**What is being asked:** The answer must consist solely of the lines below starting at the one containing "PRINTED-SILK-S" and ending at the one containing "flush tv wall", repeated exactly, with both ends included and all pictures omitted.

**Supplied material:**
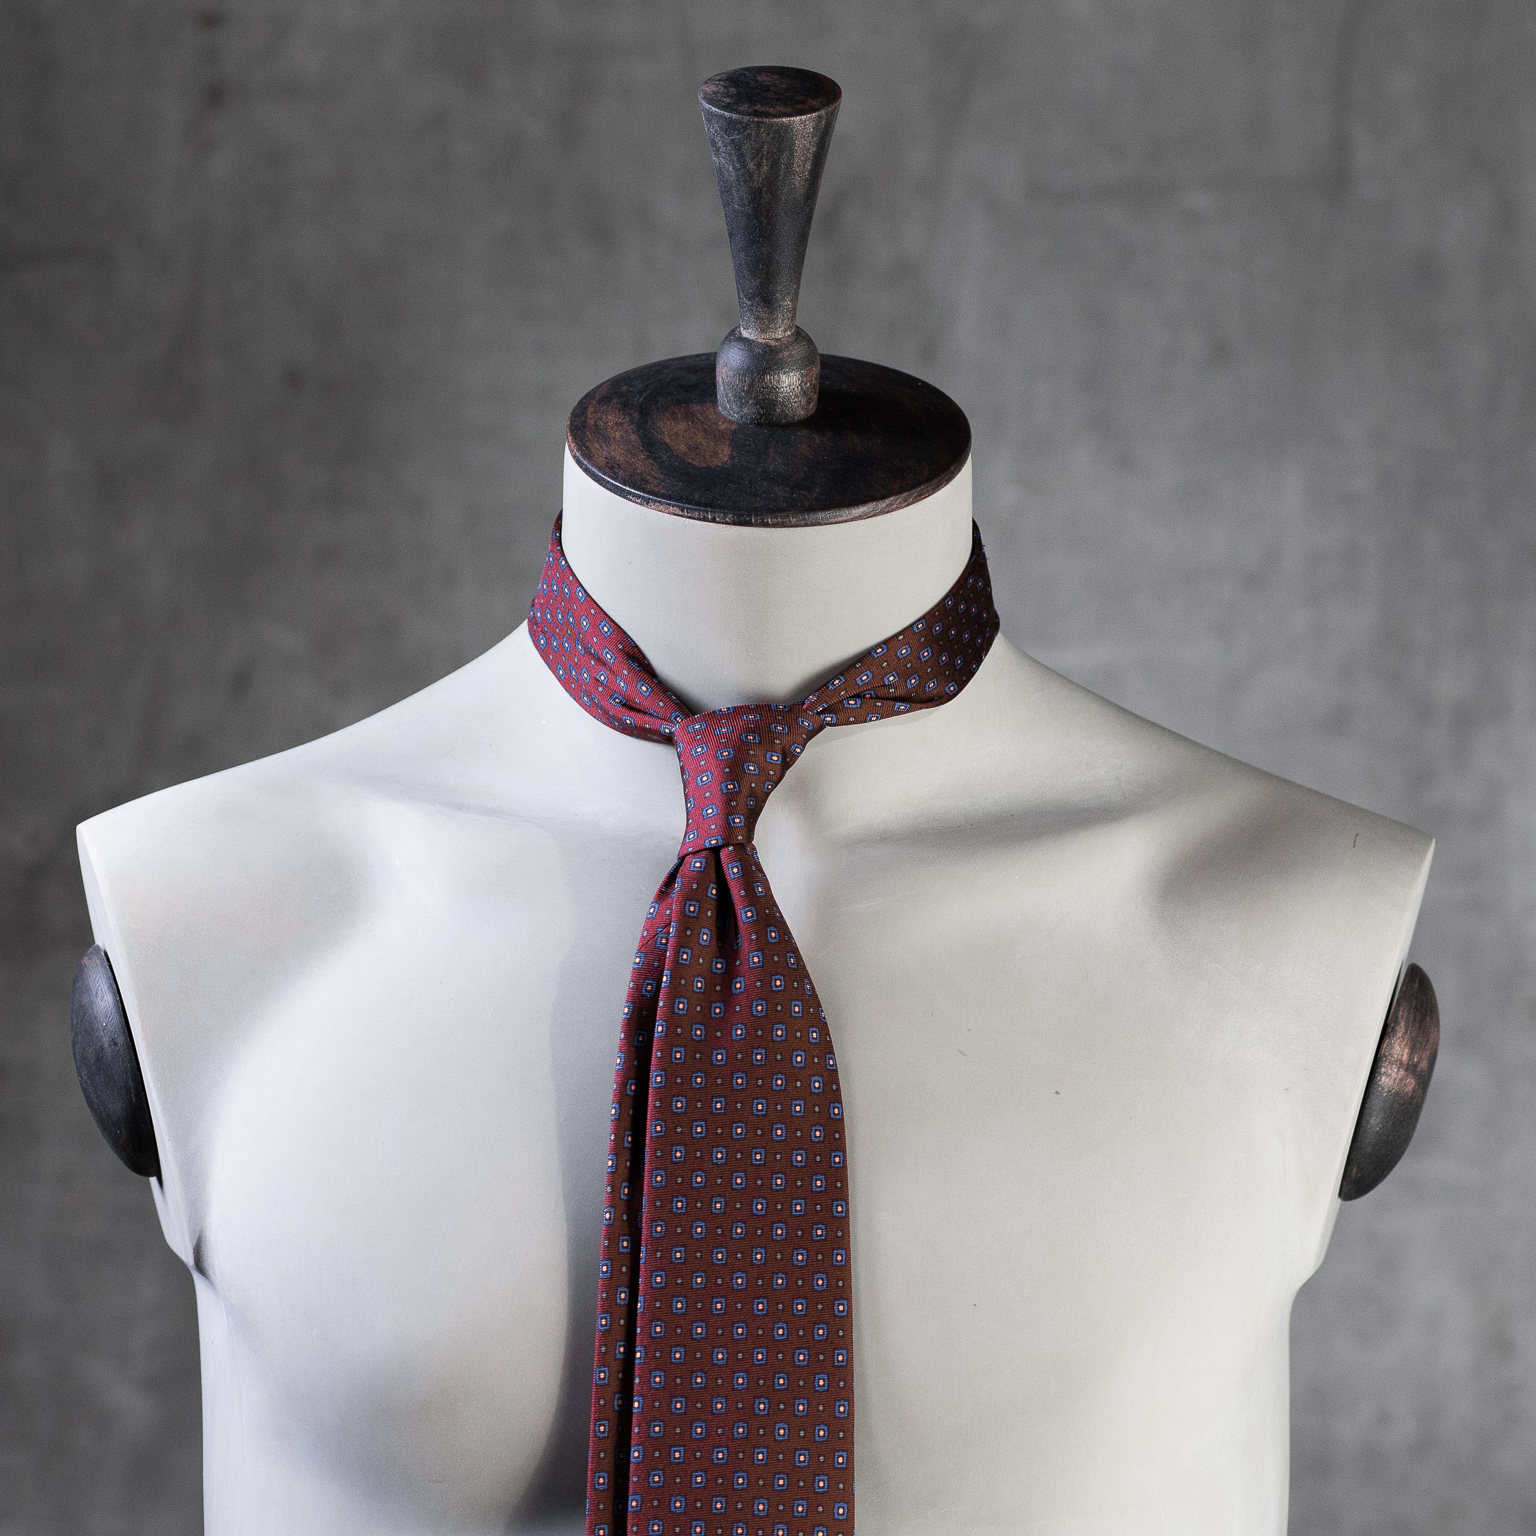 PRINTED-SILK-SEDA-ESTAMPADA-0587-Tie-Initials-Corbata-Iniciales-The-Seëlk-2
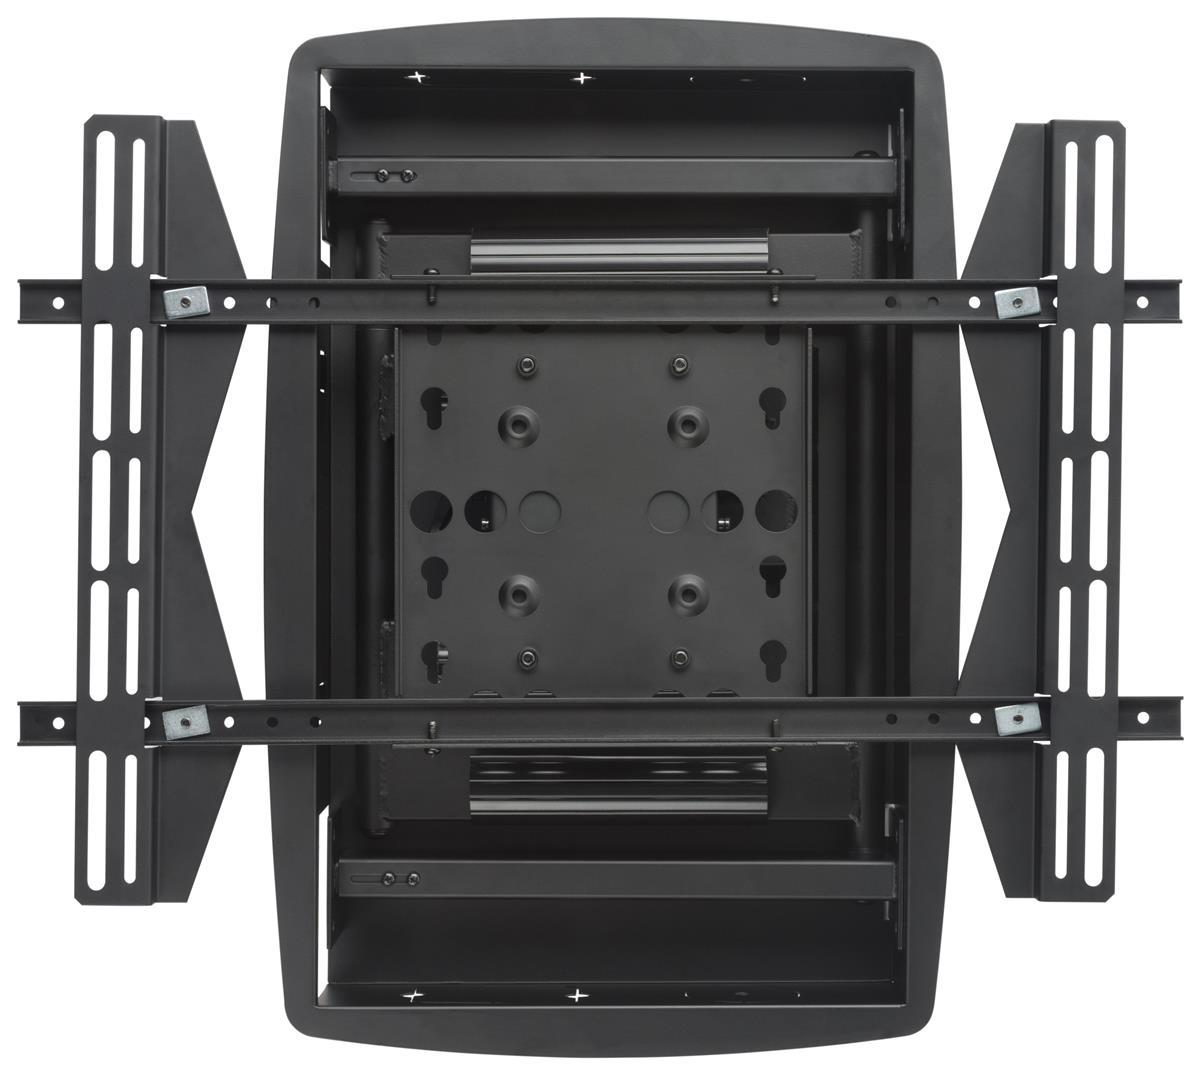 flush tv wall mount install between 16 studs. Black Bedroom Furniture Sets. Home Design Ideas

--

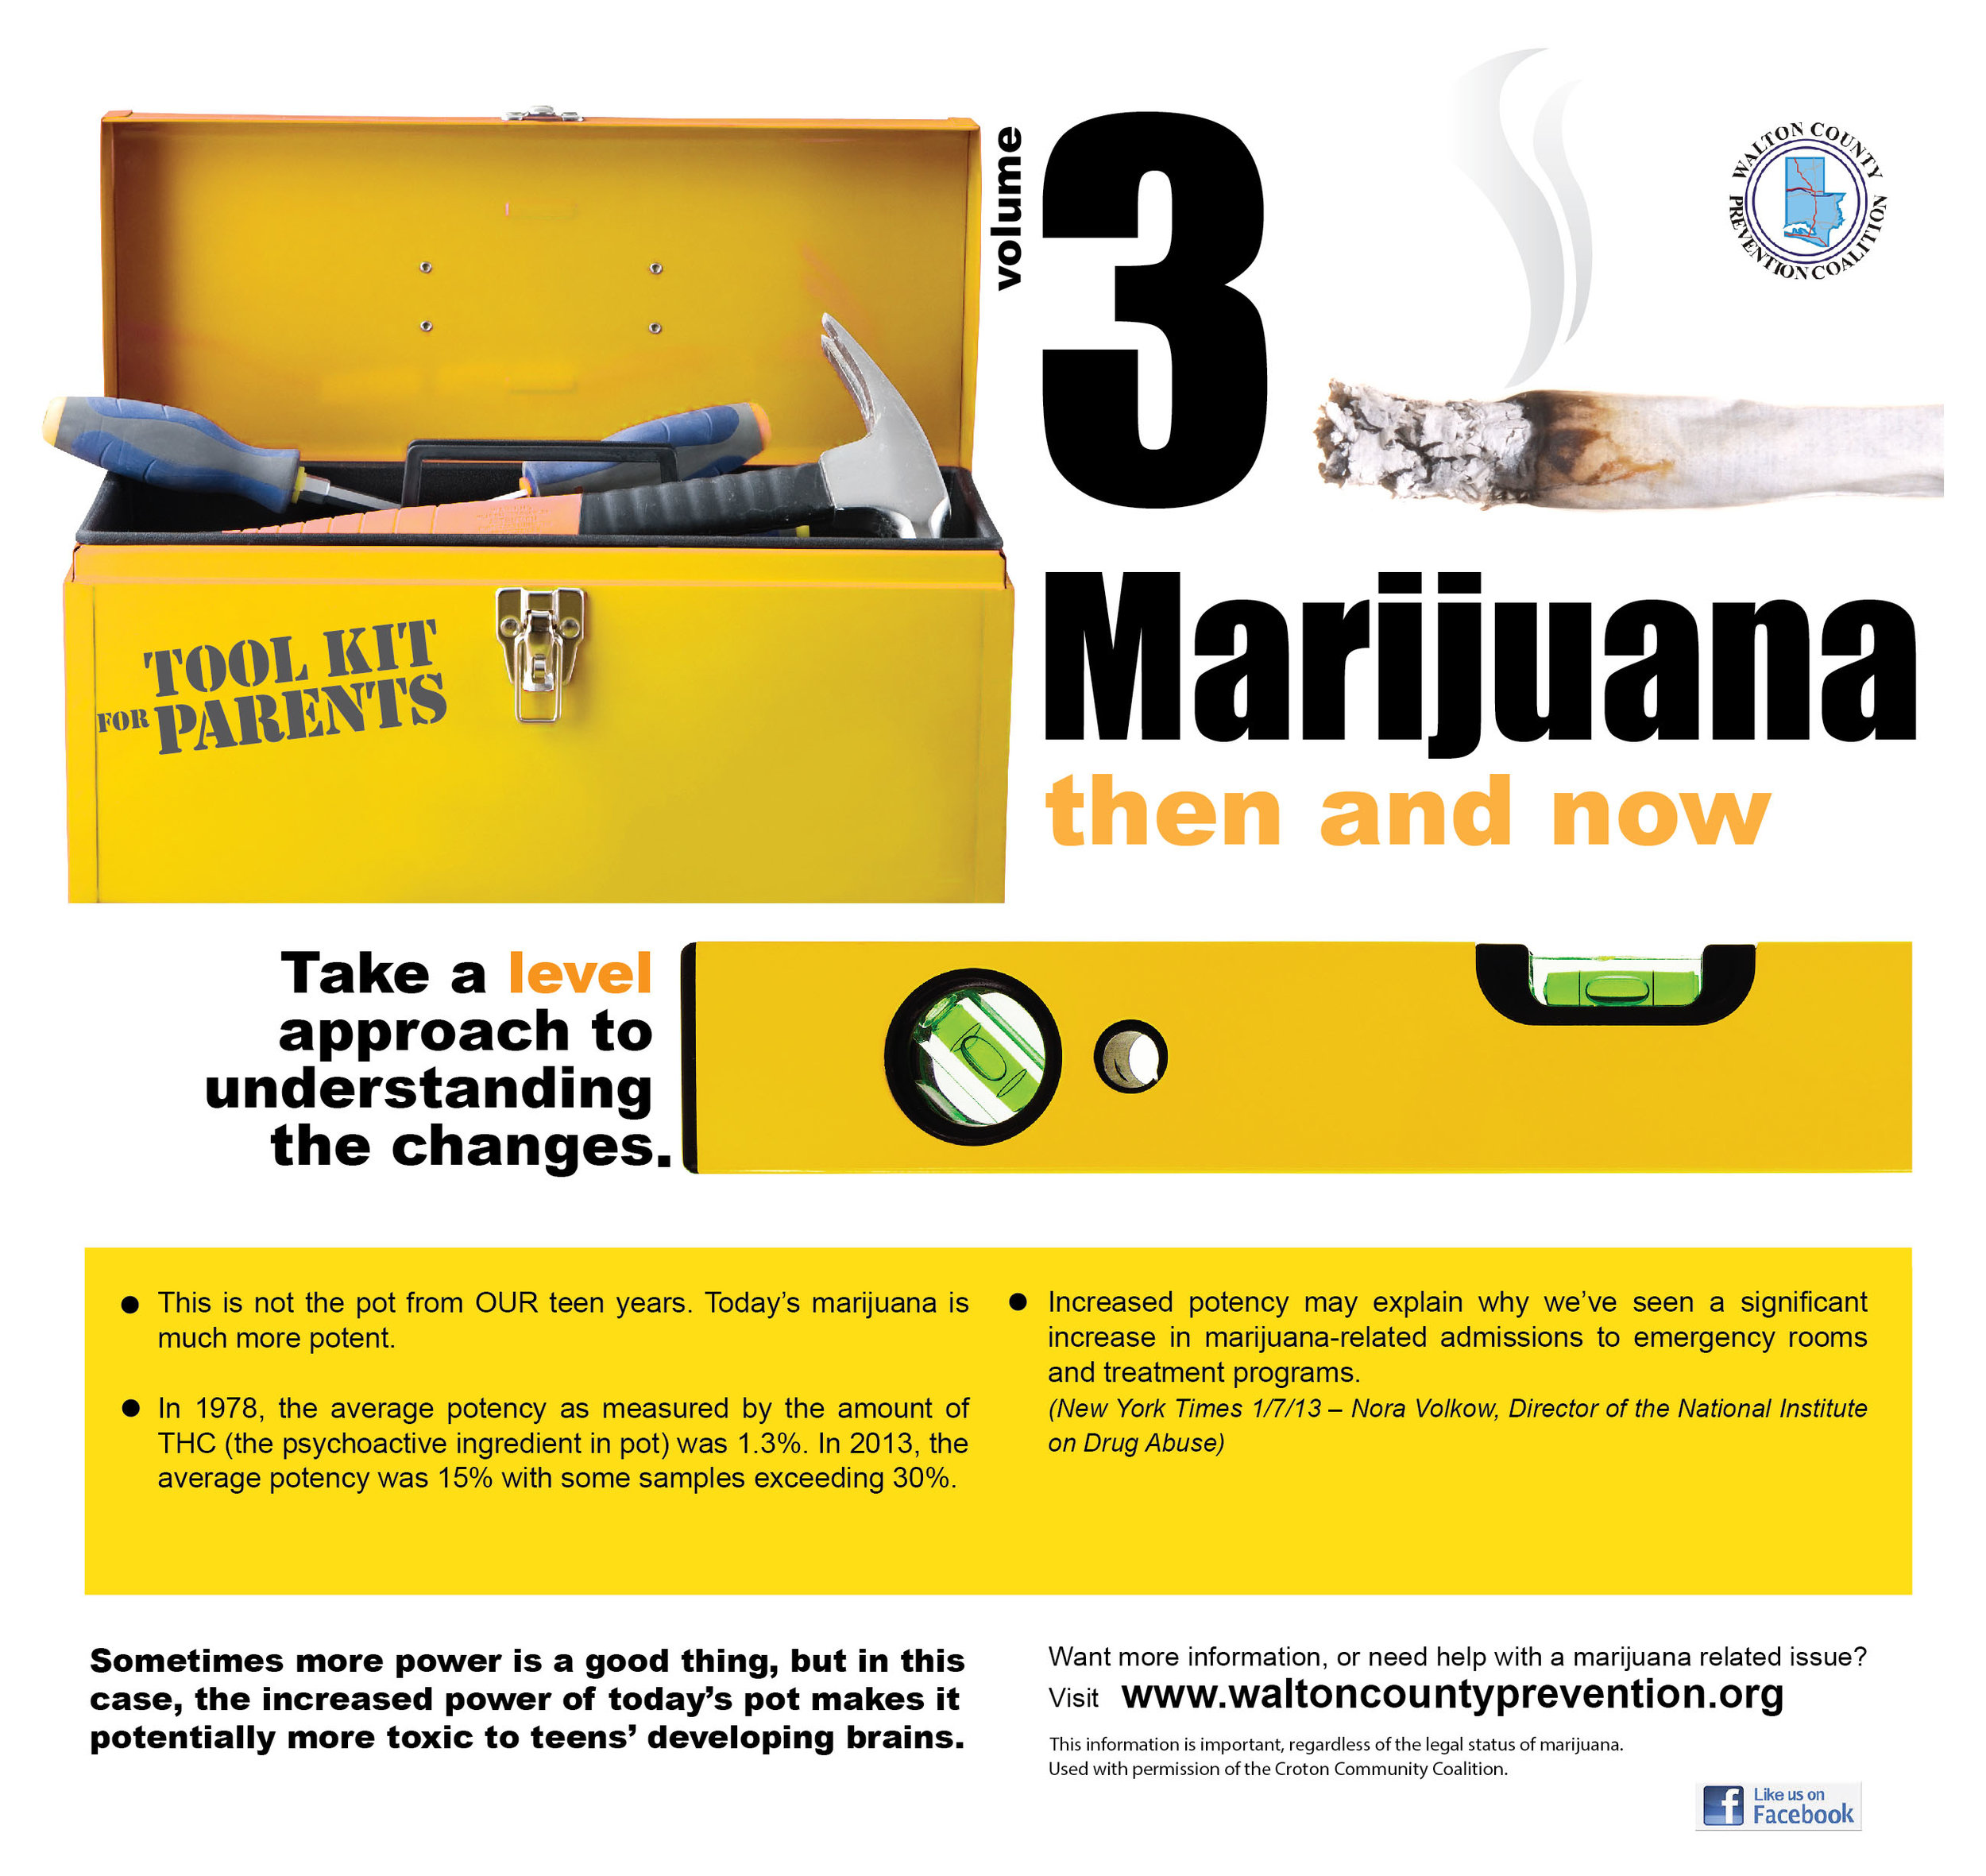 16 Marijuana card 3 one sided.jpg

---

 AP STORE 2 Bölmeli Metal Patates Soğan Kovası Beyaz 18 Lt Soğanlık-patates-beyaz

**Reply to the task:**
 PRINTED-SILK-SEDA-ESTAMPADA-0587-Tie-Initials-Corbata-Iniciales-The-Seëlk-2
 flush tv wall mount install between 16 studs. Black Bedroom Furniture Sets. Home Design Ideas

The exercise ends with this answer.